Fabric industry

Do you think the textile industry will change overnight? Not so fast

Vice-president of Fabricut David Klaristenfeld has spent two busy decades in the fabric industry, but 2019 could be the most eventful year yet. This summer, his company acquired the beloved designer label Clarence House, and Klaristenfeld is in the middle of a crash course to work at the top of the market, where fabrics cost hundreds of dollars a yard and bathrooms cost. multi-line exposure dominate the market. perch.

David KlaristenfeldCourtesy of Fabricut

“It’s a whole new world,” he told the host Dennis scully in the last episode of the Home affairs podcast (sponsored by Chairish and Google).

Acquisition involves many challenges, both practical and cultural. But Klaristenfeld was invigorated by the prospect of working on an iconic American brand and with a legendary Creative Director, Kazumi yoshida. In a high-profile conversation, he also discusses the general state of the fabric world, the difficult economics of sampling, and why he thinks, despite much noise, that the industry is not. not change as much as some might think.
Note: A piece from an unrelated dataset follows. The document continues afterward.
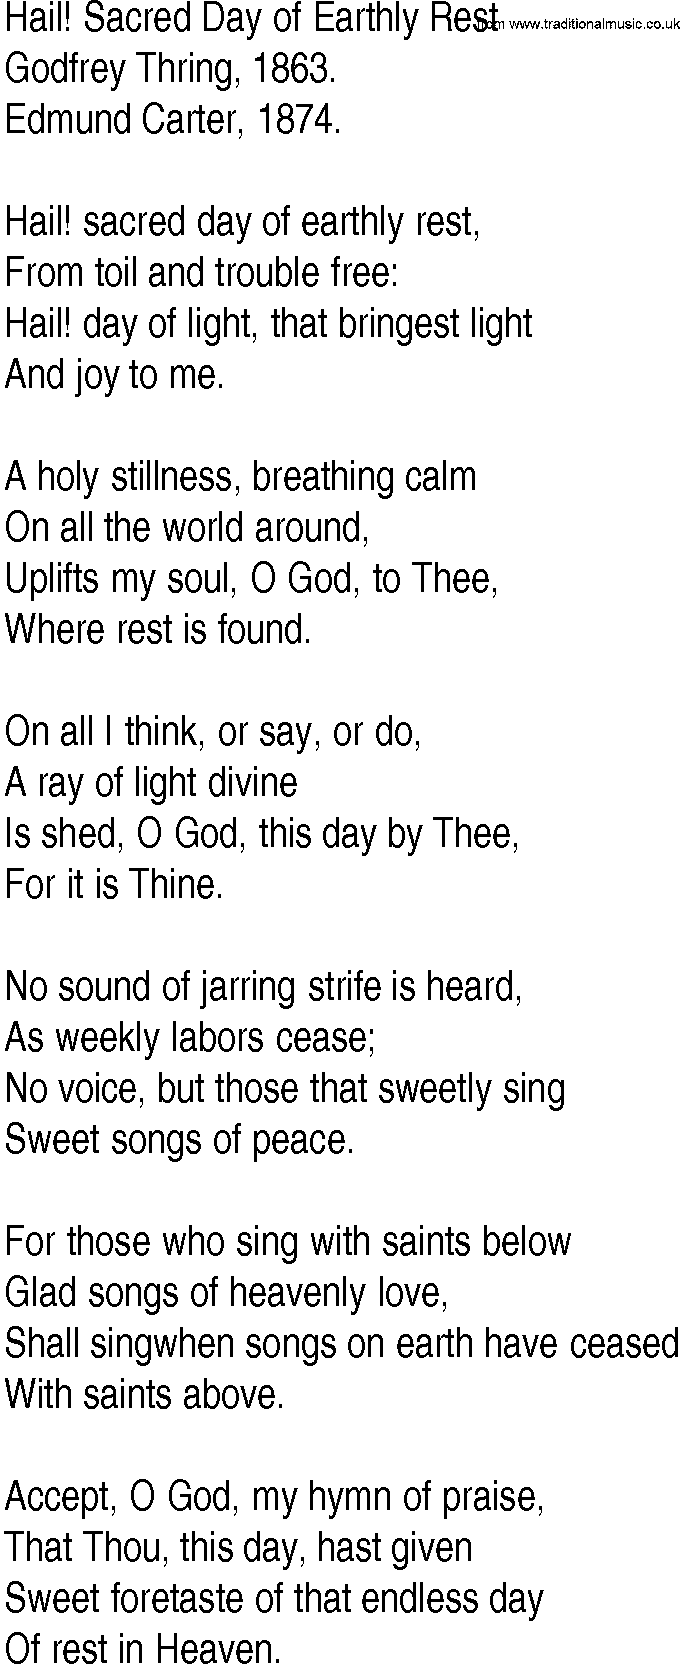 Hymn and Gospel Song: Hail! Sacred Day of Earthly Rest by Godfrey Thring lyrics

Below, listen to the episode and check out some takeaways. If you like what you hear, subscribe (free) to the podcast on Apple podcasts.

EDITING IS THE KEY
When Klaristenfeld came to Fabricut 16 years ago, he found himself saying the same thing over and over again: “You put on too much damn product. He has worked on shrinking Fabricut lines over the years and has taken a similar approach to Clarence House, taking the collection from 7,500 SKUs to 1,700 SKUs. “We managed to piss off some people; we feel like we’re able to rebuild it in a much better place from that starting point. … We pay much more attention to the amount of product we take out, making sure there is a story behind what [we’re] bring out and why.

PARTNERSHIPS ARE EVERYTHING
One of Klaristenfeld’s first big decisions with Clarence House was to take down third-party websites that were selling to the public. The reason was that the brand was still a designer brand and would do their best through their traditional sales channels like multi-line showrooms. But the relationship between Fabricut and the Kneedler Reapers of the world took a long time, and there was some cultural confusion in the beginning. For example, Fabricut requires many of its customers to complete a credit application, which is not common in the world of high-end multi-lines. Rather than pushing the company’s line forward, Klaristenfeld has worked hard to make Fabricut’s process work for showrooms, and he sees a side benefit:

“Not only will this help us in our relations with [high-end multilines that stock Clarence House], this will help us in our relationship with all our agents across the country for Fabricut. … We are learning how to work better with agent showrooms through Clarence House, and I think that will help us with all of our other brands as well. We need them to stay in business. Otherwise, there is no other way for us to show our other fabrics in the rest of the country.

IT’S STILL 2008
We all know what can happen when a large textile company is struggling with debt. Klaristenfeld, a former bankruptcy lawyer, emphasizes how important it was for Fabricut to operate debt-free. The mindset at the Tulsa, Oklahoma-based business is this: Act like it’s a recession, all the time. “The people who survive are the ones who have run their businesses as if it was all in 2008,” he says. “You want to be slim and able to maneuver through tough times. … Managing your debt is huge – if you can’t make that payment to the bank, it doesn’t matter what your sales are.